Report a scalar metric called my_metric1:

snabbkaffe:push_stat(my_metric1, 42),
snabbkaffe:push_stats(my_metric1, [42, 43, 42]),
%% Or even:
snabbkaffe:push_stats(my_metric1, [{pair, Event1, Event2}, {pair, Event3, Event4}, ...]),

Sometimes it is entertaining to see how metric value depends on the size of the input data:

snabbkaffe:push_stat(my_metric1, SizeOfData, 42),
snabbkaffe:push_stats(my_metric1, SizeOfData, [42, 43, 42])
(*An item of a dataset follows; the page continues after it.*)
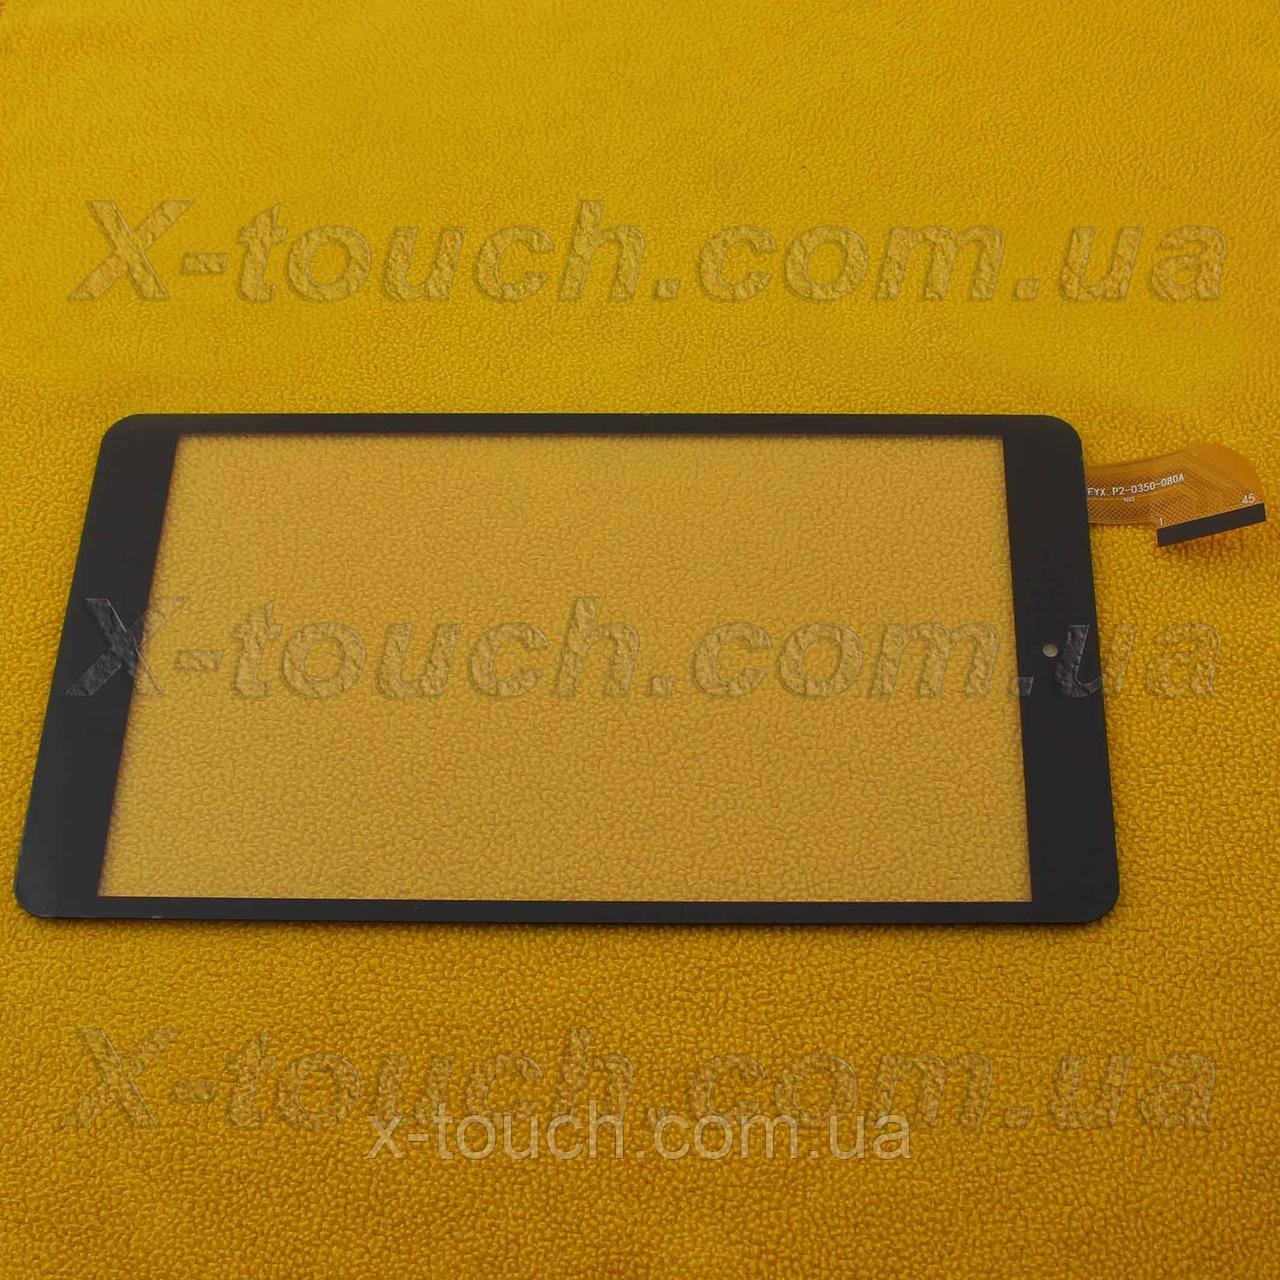 Тачскрин, сенсор Digma Optima 8001M для планшета
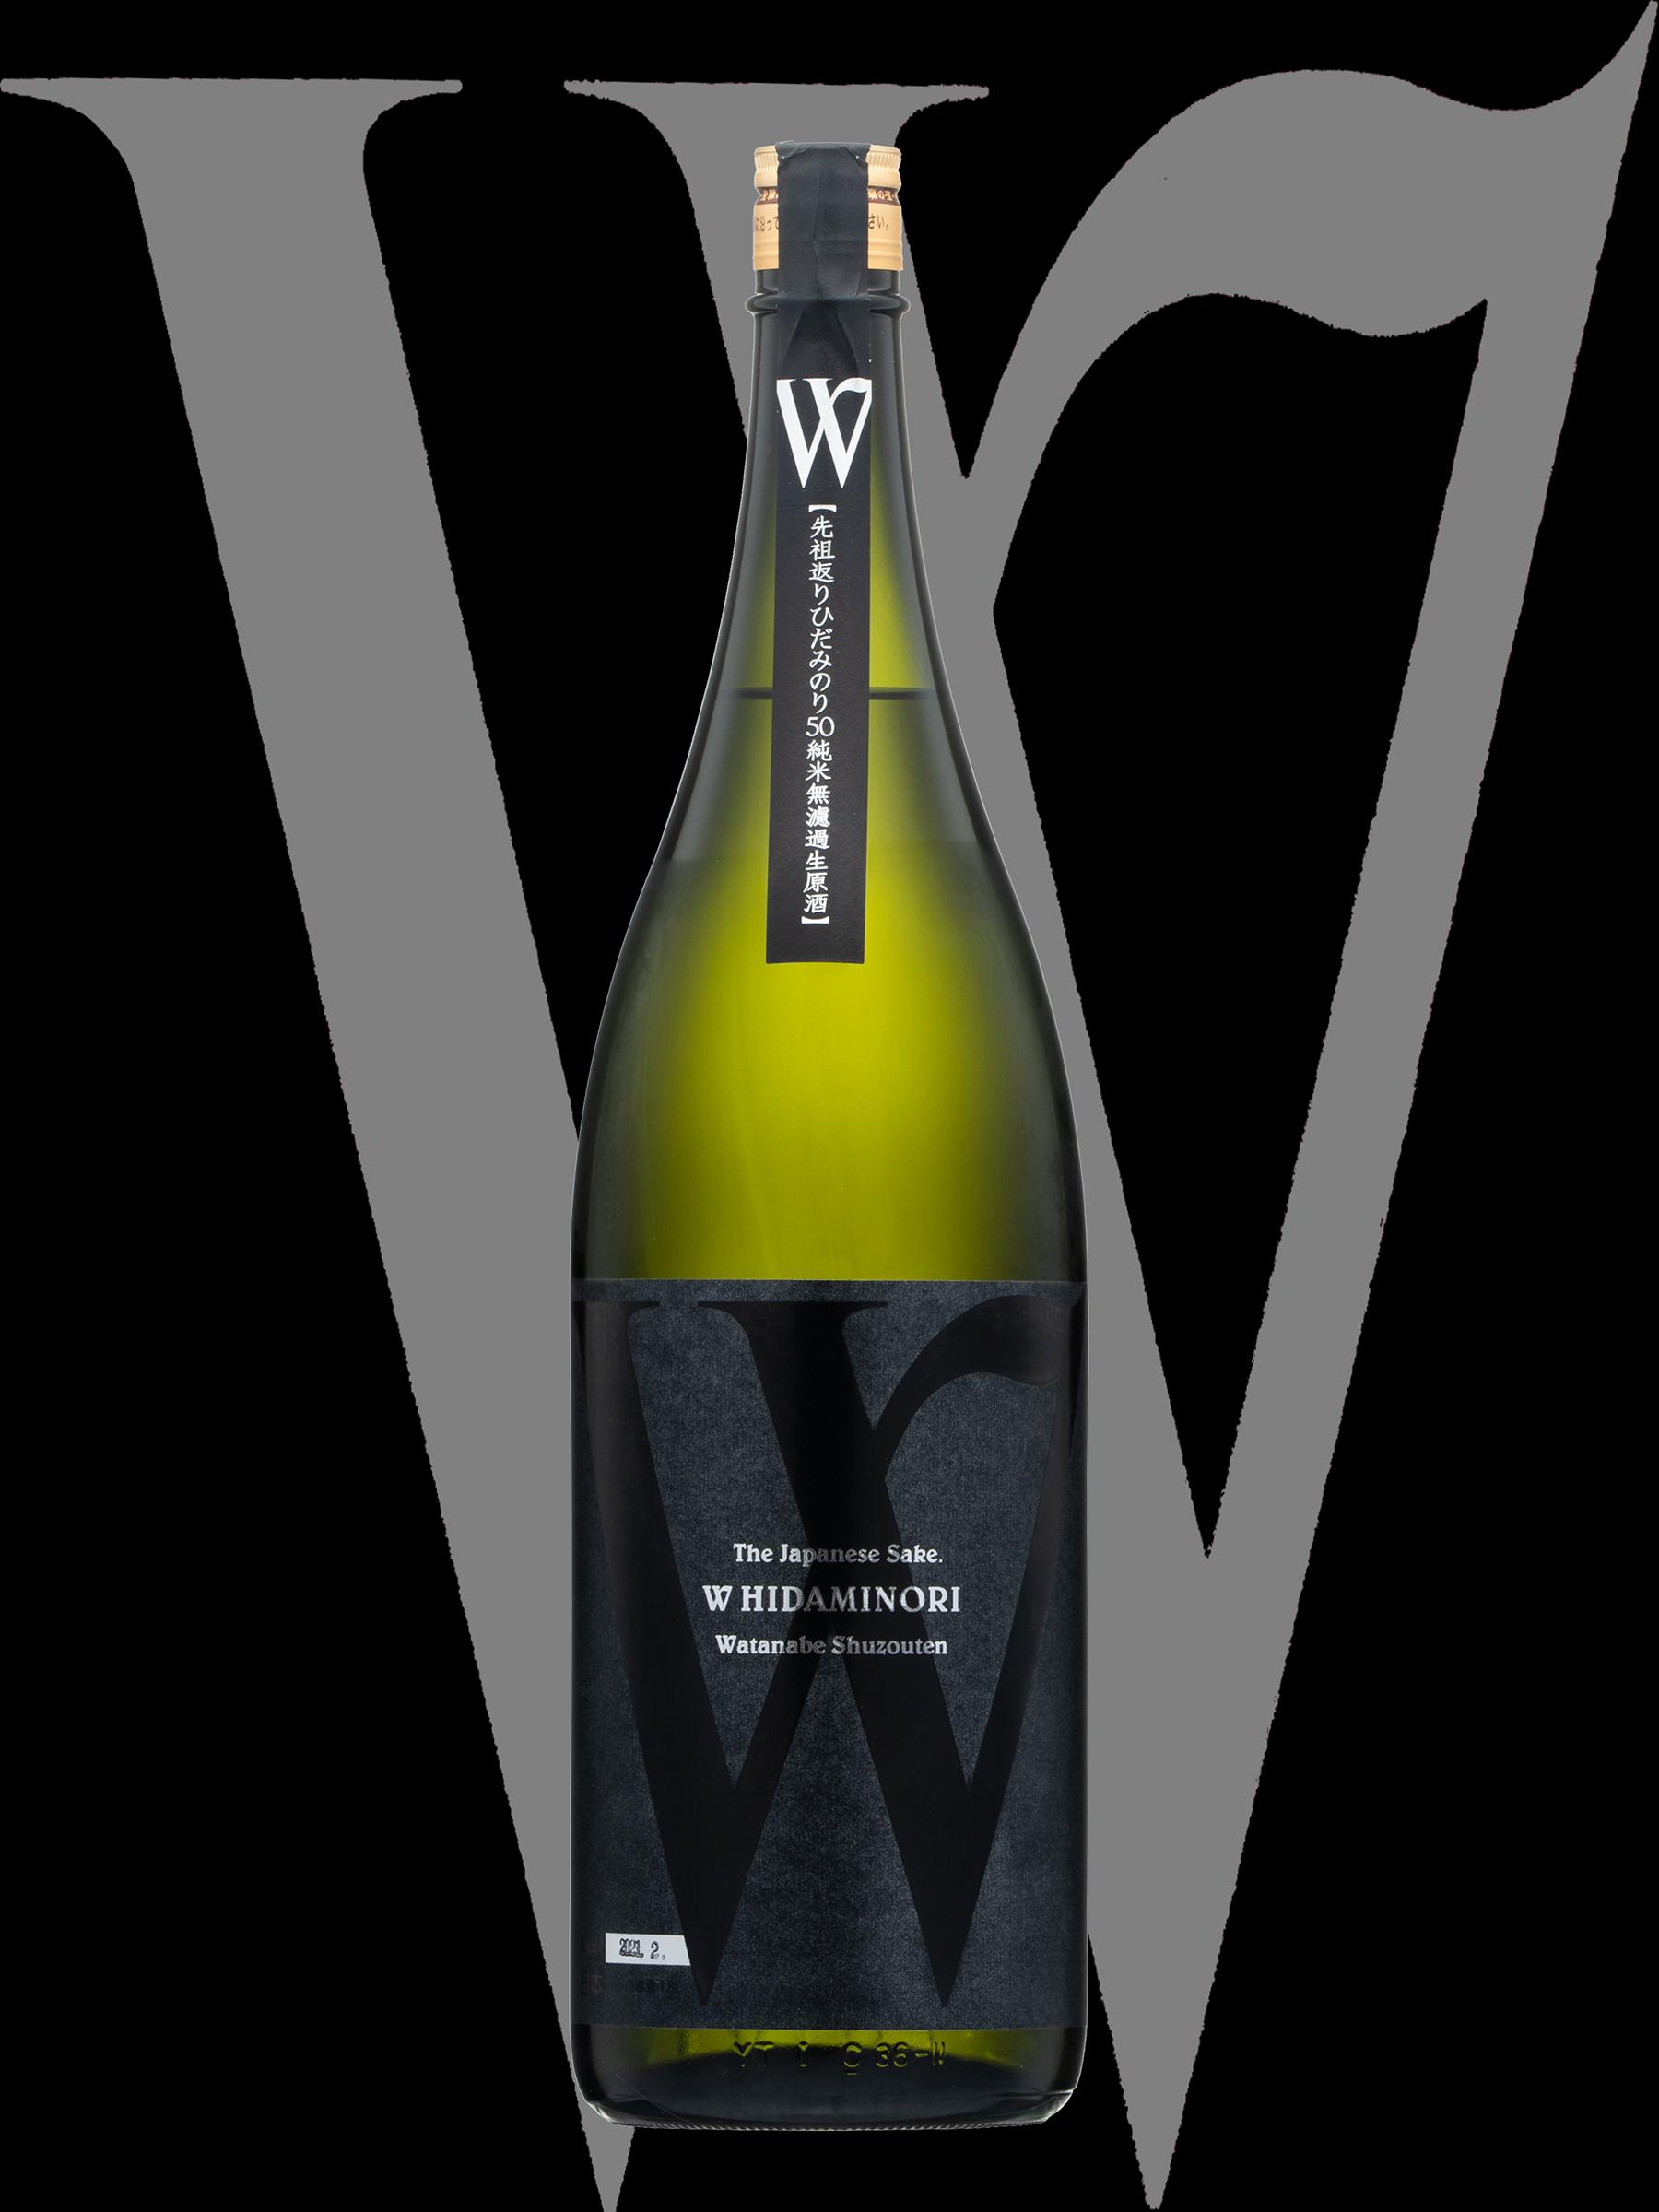 W(ダブリュー)「純米大吟醸」先祖返りひだみのり50無濾過生原酒

Metrics can be reported by calling snabbkaffe:analyze_statistics/0 function that prints statistics for each reported metric, like in the above example:

-------------------------------
foo_bar statistics:
[{min,9.999999999999999e-6},
 {max,9.999999999999999e-6},
 {arithmetic_mean,1.000000000000002e-5},
 {geometric_mean,1.0000000000000123e-5},
 {harmonic_mean,9.999999999999997e-6},
 {median,9.999999999999999e-6},
 {variance,4.174340734454146e-40},
 {standard_deviation,2.0431203426264804e-20},
 {skewness,-0.9850375627355535},
 {kurtosis,-2.0199000000000003},
 {percentile,[{50,9.999999999999999e-6},
              {75,9.999999999999999e-6},
              {90,9.999999999999999e-6},
              {95,9.999999999999999e-6},
              {99,9.999999999999999e-6},
              {999,9.999999999999999e-6}]},
 {histogram,[{9.999999999999999e-6,100}]},
 {n,100}]

Statisitics of test
100.479087 ^                                                                     *
           |                                                               *
           |                                                        *
           |                                                  *
           |
           |                                            *
           |                                     *
           |
           |                               *
           |                         *
           |                   *
           |
           |            *
           |      *
         0 +--------------------------------------------------------------------->
           0                                                                  1100

         N    min         max        avg
       110 1.23984e+0 1.09774e+1 5.97581e+0
       209 1.10121e+1 2.08884e+1 1.60011e+1
       308 2.13004e+1 3.09071e+1 2.60224e+1
       407 3.10212e+1 4.09074e+1 3.59904e+1
       506 4.10095e+1 5.09904e+1 4.60456e+1
       605 5.11370e+1 6.08557e+1 5.60354e+1
       704 6.10493e+1 7.09071e+1 6.59642e+1
       803 7.11237e+1 8.07733e+1 7.59588e+1
       902 8.10944e+1 9.09766e+1 8.60179e+1
      1001 9.10459e+1 9.99404e+1 9.54548e+1
      1100 1.00004e+2 1.00939e+2 1.00479e+2

Note: ?run_prop does this automatically.